В другом конце гораздо явственнее слышится разговор, переходящий в ссору:

— Это ты мой хлеб украла? — говорит один голос.

— Чего мне воровать? у меня свой кусок был.

— Неправда. Ты и свой и мой съела!

— Тише! — кричит худенькая женщина в синем платье.

— Марья Николаевна! Скворцова мой хлеб украла! — слышится пискливая жалоба.

— Я и не думала воровать! Суслова врет, — отзывается контральто.

— Да, да, украла! Ты быка съешь! — кричит Суслова;

— А ты семь коров съела, а все толще не сделалась! — отзывается контральто.

— Вы обе станете на колени во время занятий, — произносит худенькая женщина в синем платье.

— За что же я стану стоять на коленях? Я не брала ее хлеба! Вы рады ко мне придираться, — отозвался контральто.

— Ты, Скворцова, без свидания с родными останешься на две недели.

— Нет-с, я буду жаловаться Анне Васильевне! Вы все на больших нападаете, — снова отозвался контральто.

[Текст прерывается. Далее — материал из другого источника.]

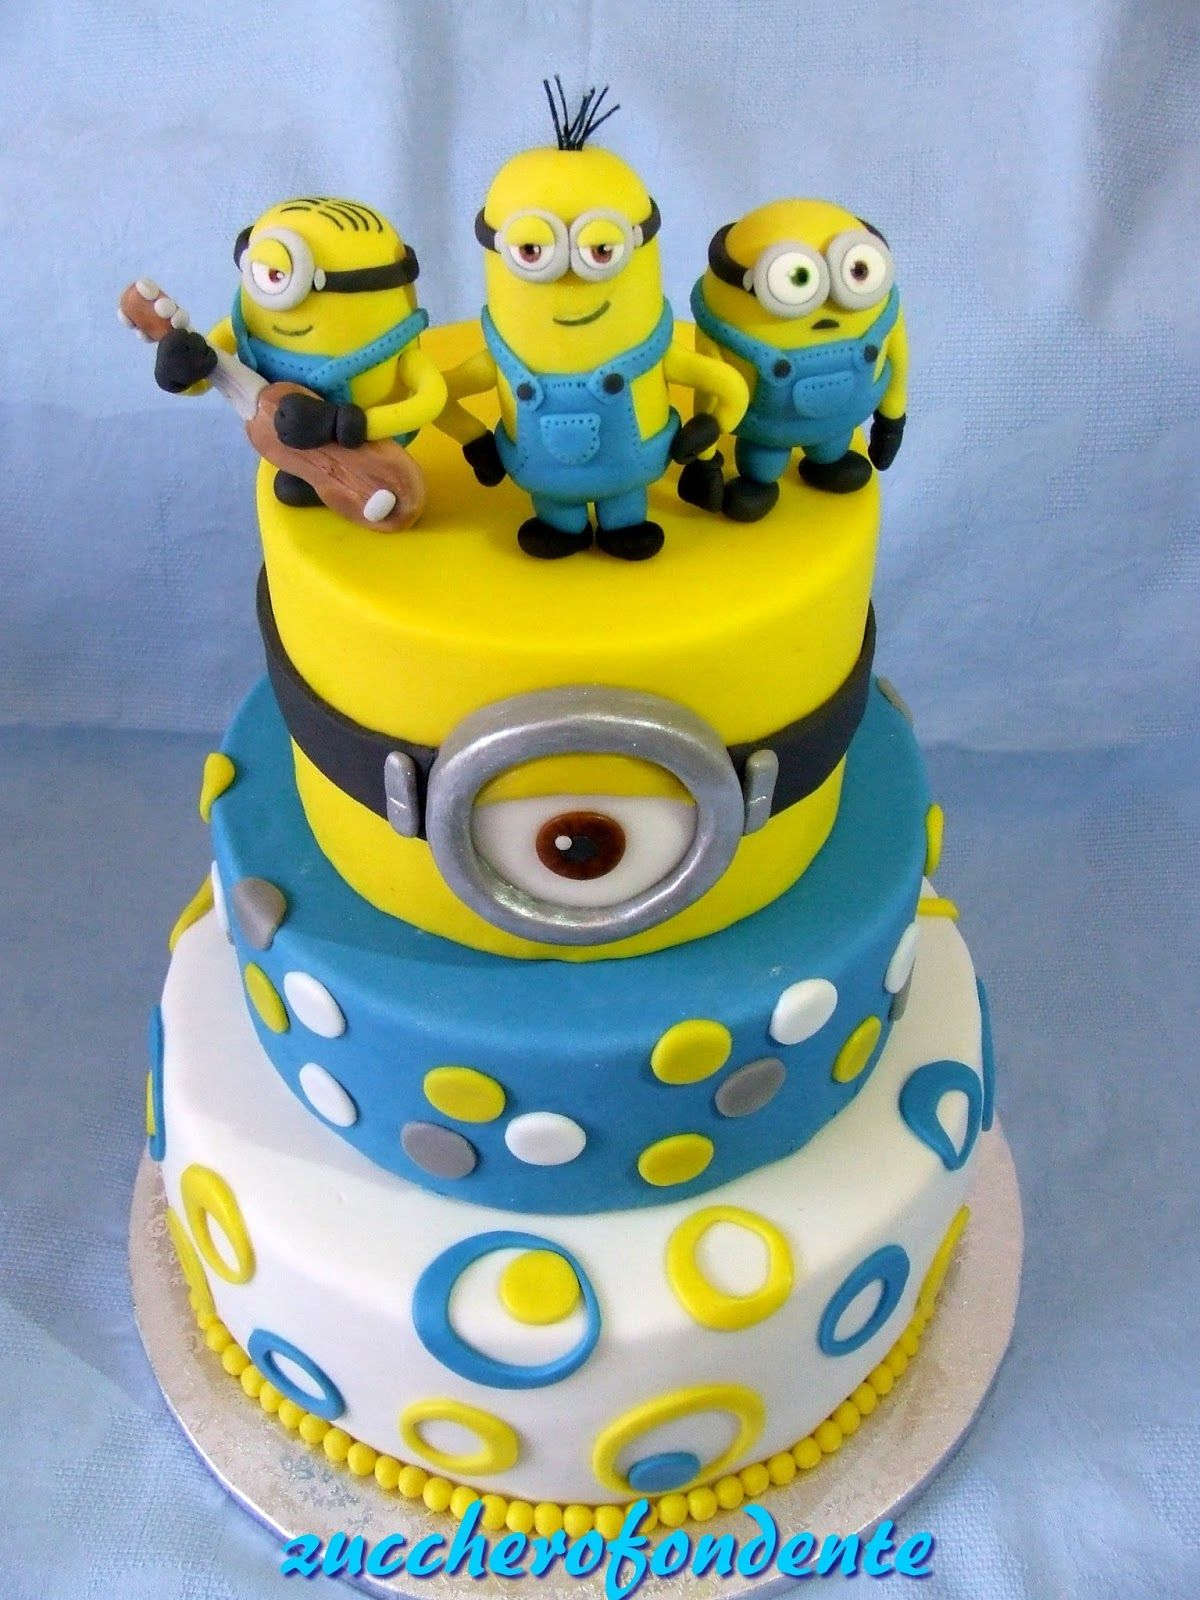 Torte Minions A Piani Cerca Con Google Minions Geburtstag

Женщина, которую Скворцова называла Марьей Николаевной, быстро изменилась в лице. Оно приняло странное выражение гнева и в то же время мучительной горечи. На пожелтевших щеках выступили багровые зловещие пятна. Она быстро встала со своего места, подошла к Скворцовой и, дрожа всем телом, нервно сдернула ее с табурета.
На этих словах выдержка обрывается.